Arnold’s description introduced the expression “flying saucer” into popular parlance and sparked a veritable fever, with hundreds of similar sightings reported in the following weeks. The Air Force studied more than 12,000 sightings before cancelling the Project Blue Book program in 1969. Most were attributed to stars, clouds, commercial jets or spy planes, although 701 remained unexplained. Back then — just as today — astrophysicists reminded the public not to forget that even if there’s no plausible justification for a flying object, it doesn’t necessarily make the extraterrestrial hypothesis the most probable.
What happened after Arnold’s experience contains the big problem (and the golden rule) of UFOs: the more you look for them, the more you find. Especially in times like ours, with the skies populated by drones and other gadgets, when everyone is carrying a camera on their smartphone. In a hearing before the U.S. Senate’s Armed Services subcommittee, Sean Kirkpatrick — director of the wonderfully named All-domain Anomaly Resolution Office (AARO) — confirmed this theory in April. Between 2004 and June 2021, 144 UFO incidents were reported. At the beginning of this year, there were already 350. Four months later, that number had risen to 650. By this point in July, it already exceeds 800, of which it is estimated that only between 2% and 5% merit attention.

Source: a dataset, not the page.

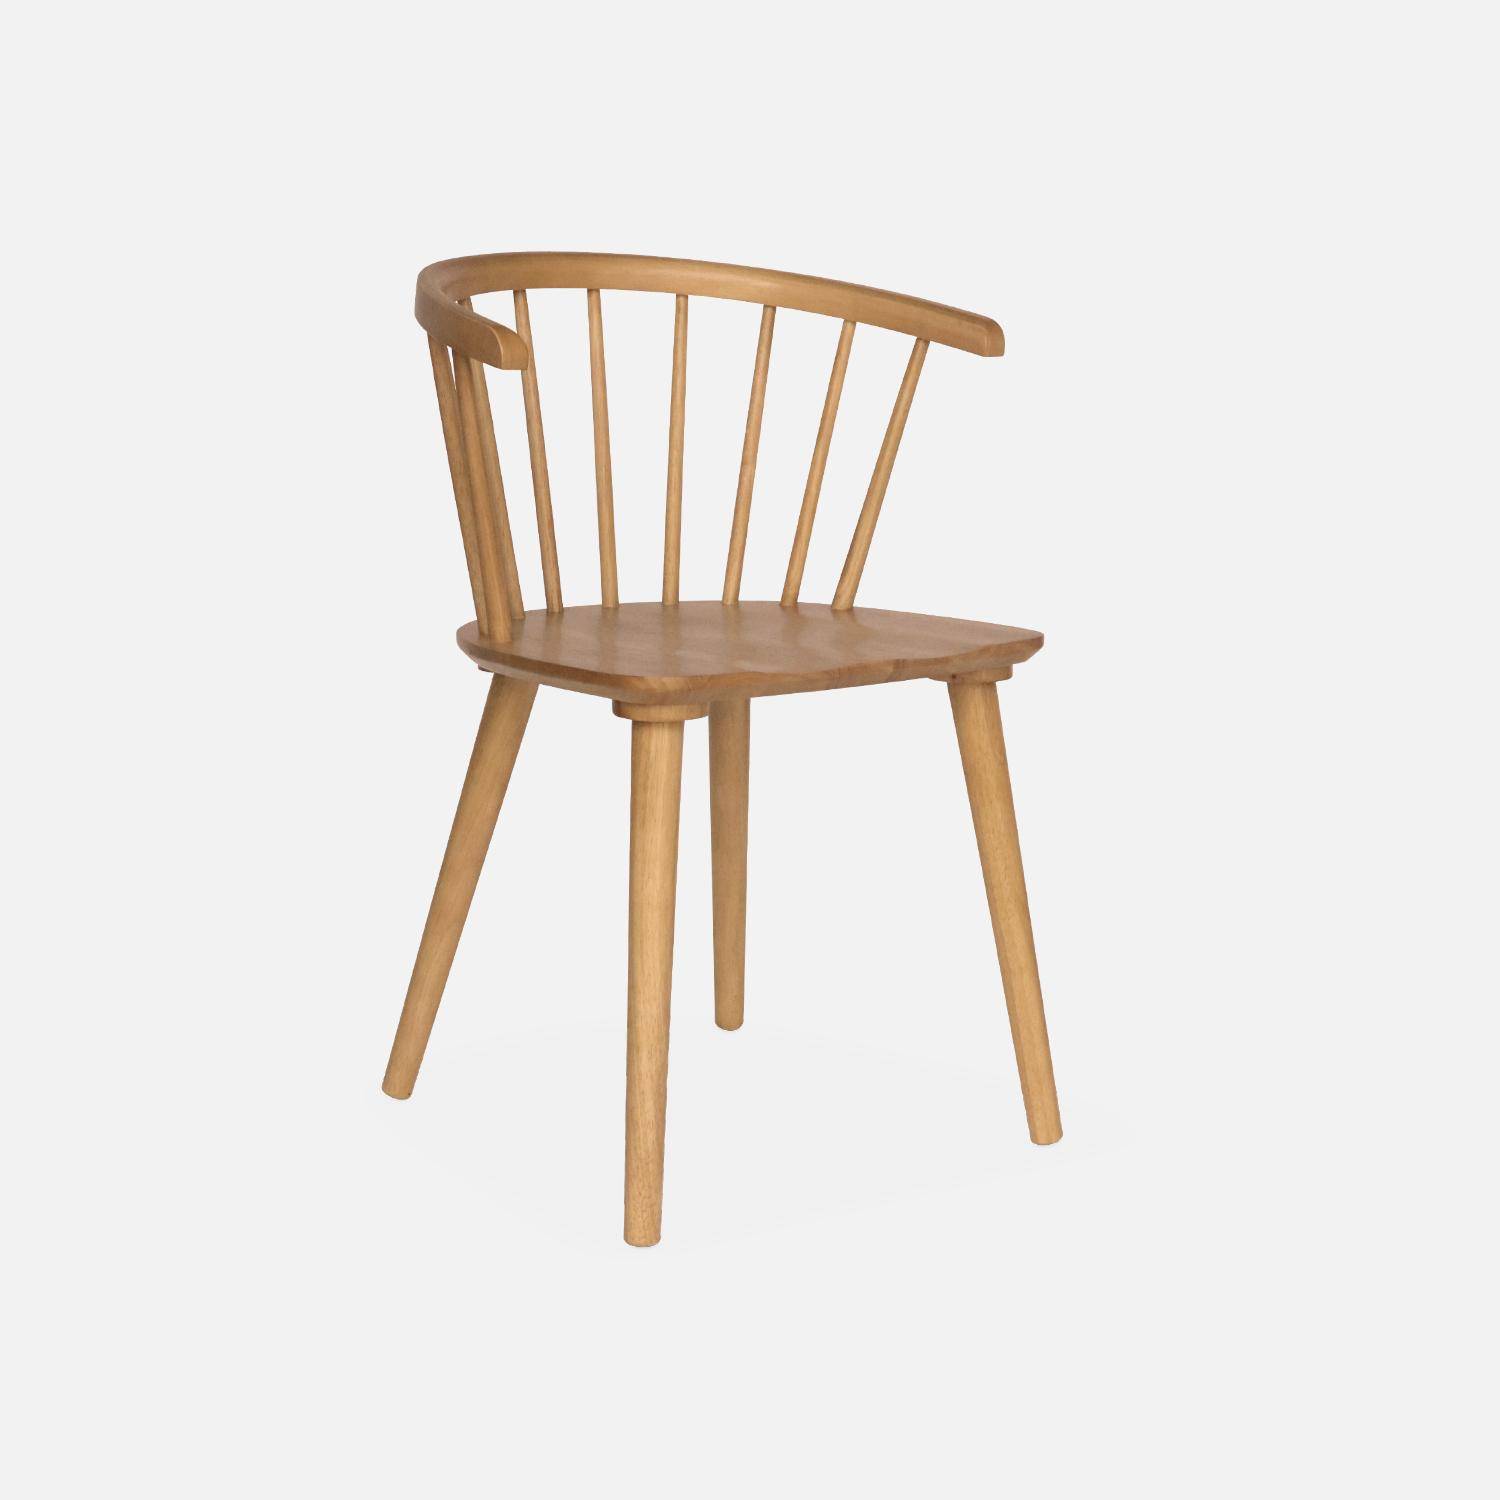 Pair of  Wood and Plywood Spindle Chairs, natural, L53 x W47.5 x H76cm ,sweeek,Photo6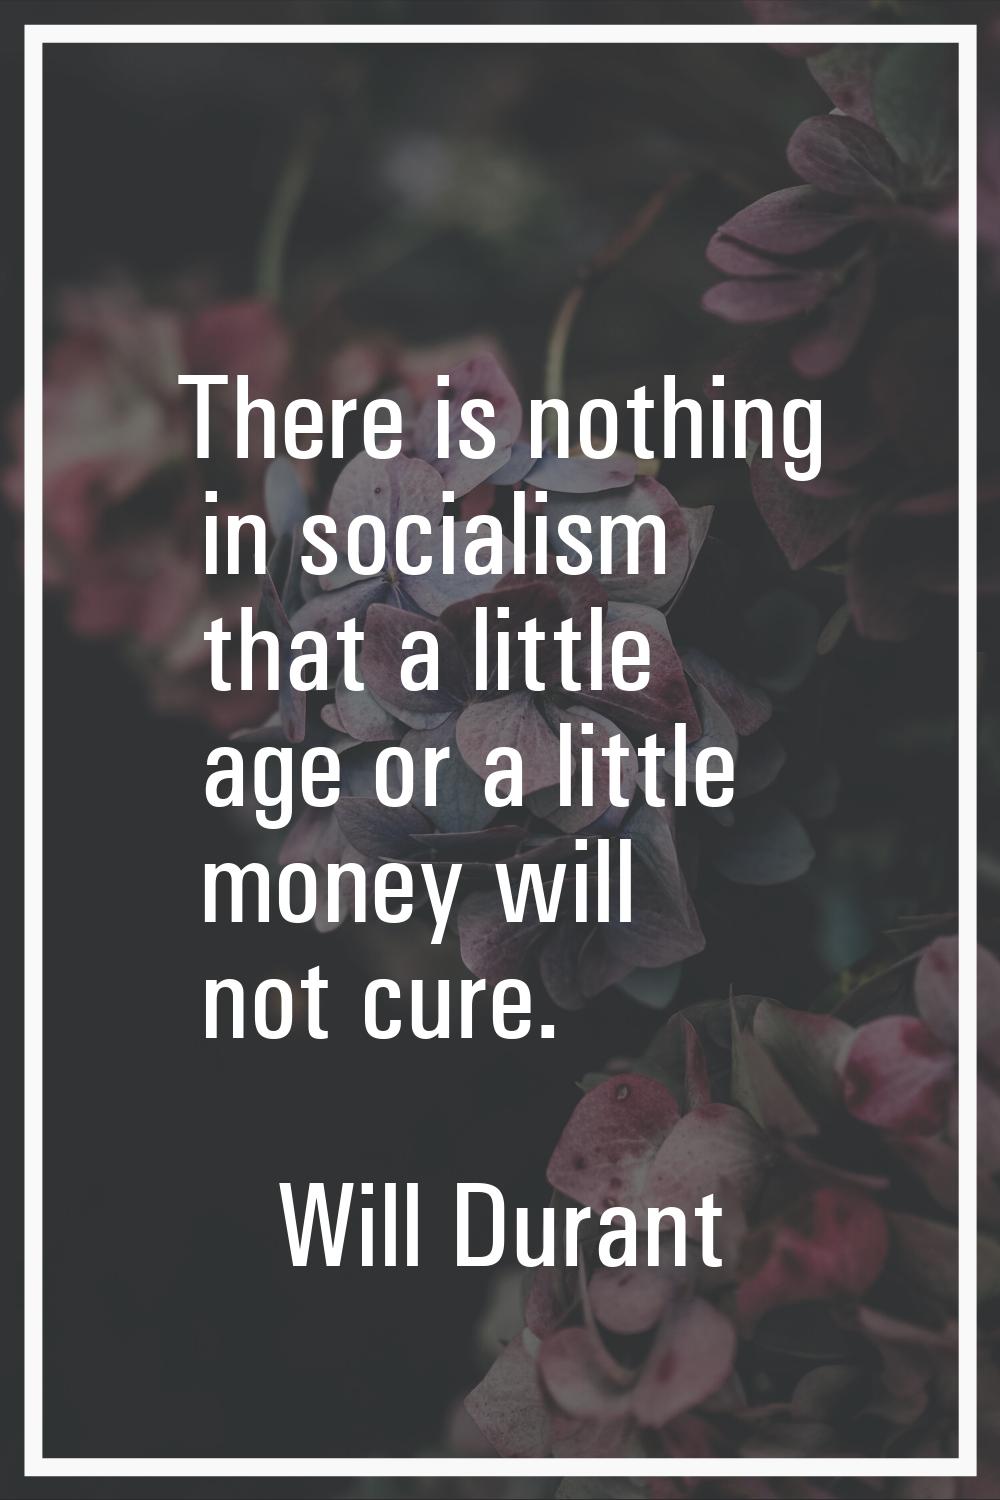 There is nothing in socialism that a little age or a little money will not cure.

The February incident of the Chinese balloon crossing the United States before being shot down over the Atlantic had to do with this boom. It left behind — in addition to escalated diplomatic tensions between the two countries — a trail of sightings of suspicious objects. After that occurrence, America’s defense agencies recalibrated their airspace surveillance systems, so they could detect smaller, slow-moving objects that wouldn’t have counted as threats before.
The Chinese balloon was cited repeatedly at Wednesday’s hearing, at which two retired military pilots, Ryan Graves and David Fravor, also testified. Both men recounted two separate encounters with UFOs (seen in videos that the Pentagon released three years ago) in light of the fact that they had been circulating on the internet for a long time. It was those recordings that pushed lawmakers to demand greater transparency from the Pentagon and hold a congressional hearing in May of last year (the first on the subject in half-a-century).
In the Capitol, the legislators don’t seem willing to drop the issue, which has lost much of the stigma that it once carried. Chuck Schumer, the Democratic majority leader in the Senate, has introduced a bill to create a new commission, which will have the authority to declassify documents on UFOs and extraterrestrial affairs. Meanwhile, Bill Nelson — the director of NASA who, in 1986, became the first member of the House to travel into space — confirmed to El PAÍS that he had commissioned a report from “a committee of very distinguished scientists,” given the renewed interest in the matter. He promised that the report would be published in August.